Despite my somewhat unconventional upbringing, I harbored rather mainstream hopes for a middle-class life. I expected to have a car to take my two-point-five children to their after-school activities. When I imagined the house I would someday own, it was a two-story, detached structure with a yard. Maybe a fireplace, if I was lucky. Mostly, what I hoped for was a feeling of safety when it came to money, that there would be enough, that I could afford the important things and drop $200 at a restaurant without thinking about it.
In the spring, winter coats were on sale at the local outfitters’. My winter coat is nearly 10 years old, and I wear it every day for half the year. The fake-fur trim that once adorned the hood melted when I washed it the first time. I wash this coat often. The fabric looks thinner than it once did; the seams are shiny and whitish. But it keeps me warm.
New winter coats at this store run from $800 to $1,000. But last spring, the leftovers were discounted to between $200 and $300. I walked among the racks and touched the all-weather fabrics. I called my sister and told her that I was looking at discounted winter coats. “But I don’t think I’ll get one, because eventually it will look like my current winter coat,” I said.
“That is what happens to all things,” she said. “They are new, and then they wear out. By this logic, you’ll wear that winter coat forever.”
She was not wrong. But I didn’t buy a new coat. In my head, the cost of my winter coat per use is falling every day. It’s an amazing deal.
On a treadmill at the gym that charges me $46 twice a month, where I always watch home-renovation shows on HGTV, it occurred to me that being better with money is just another way to modify myself. Writing down all my expenses is like counting calories. Checking my bank balance is like stepping on a scale. It’s about aspiration and numbers. It’s diet culture for finances.
When I put money into an education savings account for one of the kids, I feel a smug kind of high. It’s the broccoli of bank transactions. So virtuous. When I blow $100 at a bar with friends, I feel a flash of shame.

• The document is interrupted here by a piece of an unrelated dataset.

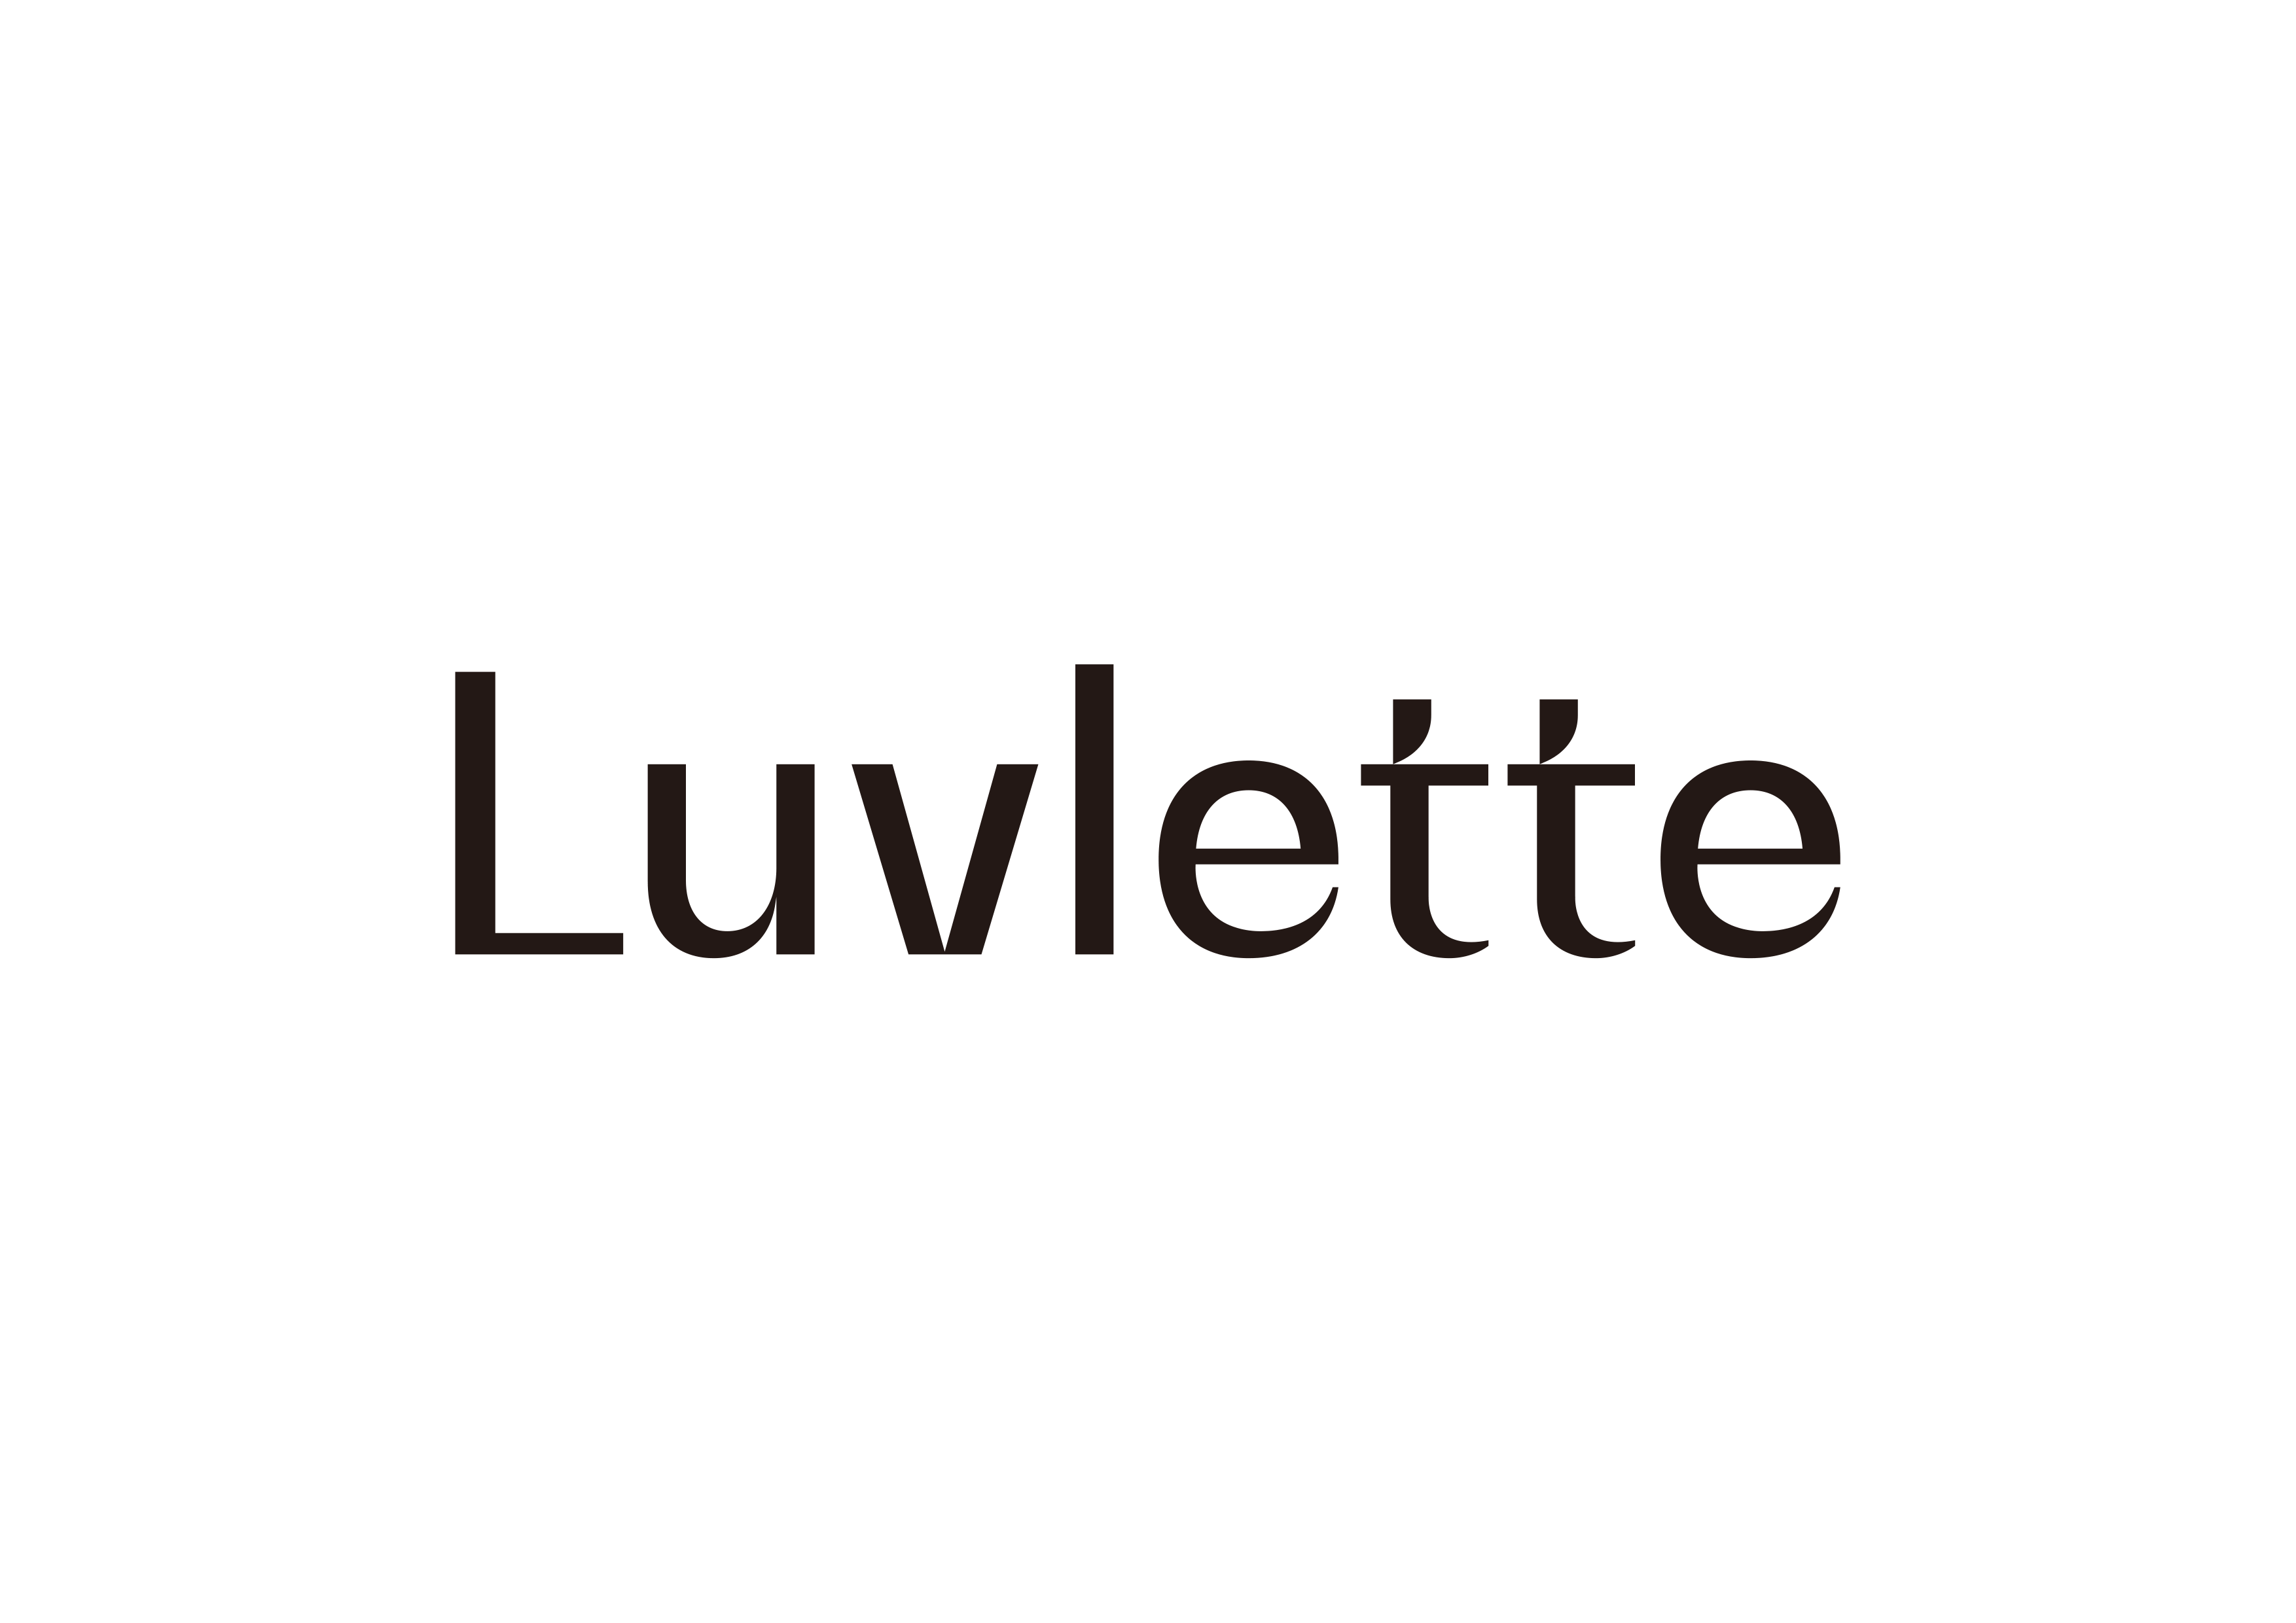 Luvlette Logo

On the TV attached to the treadmill, homeowners gut their ugly, poorly designed interiors and rebuild them as airy white rooms devoid of clutter. In the gym around me, people in spandex climb imaginary stairs and perform weight-assisted chin-ups. We are all working toward self-optimization.
Not spending money is a version of self-control. I want to be disciplined and deny myself short-term pleasure in the service of—what, exactly? The ocean, yes. A trip to another country. But also an idea of myself as someone who doesn’t give in to her baser urges. There is allure in self-restraint.
By July, I had yet to meet my financial goals. We spent several thousand dollars going to my sister-in-law’s wedding in New Orleans. (Once-in-a-lifetime expense, thus okay.) I borrowed money from my mother to pay an unexpected tax bill.
But I had not bought anything off the internet. Indeed, I’d blocked the marketing emails from the companies I used to buy things from. No more organic cotton children’s clothes designed in Sweden. When my daughter cut her own hair, I didn’t take her to a salon to get it fixed; instead, I evened it out myself with kitchen scissors. I took an extra gig copyediting a dissertation for $500. These small changes made no significant difference to my bank balance.
When I looked up online how to be frugal, I found blogs by people who had saved enough money to retire young. A Canadian couple invested everything to build a seven-figure portfolio and retired at 31. Another blogger reported that if you can invest enough money so that you need only four percent of it each year to live, then you can stop working. There are a lot of these blogs. The bloggers all share the numbers behind their personal successes. “If you saved X percent of your paycheck every month and invested it well, after Y years you’d have Z wealth, and you could travel the world.”
Most of these bloggers also sell books or investment seminars. One blogger has created an index of food, for which he has tabulated the number of calories per dollar for each item. He suggests that vegetable oil is a very frugal food.
There was something appealing about the single-mindedness of these bloggers. Don’t spend money on anything that isn’t a need. Save it all. It was like intermittent fasting. So simple that it could work! It is already too late for me to retire at 31.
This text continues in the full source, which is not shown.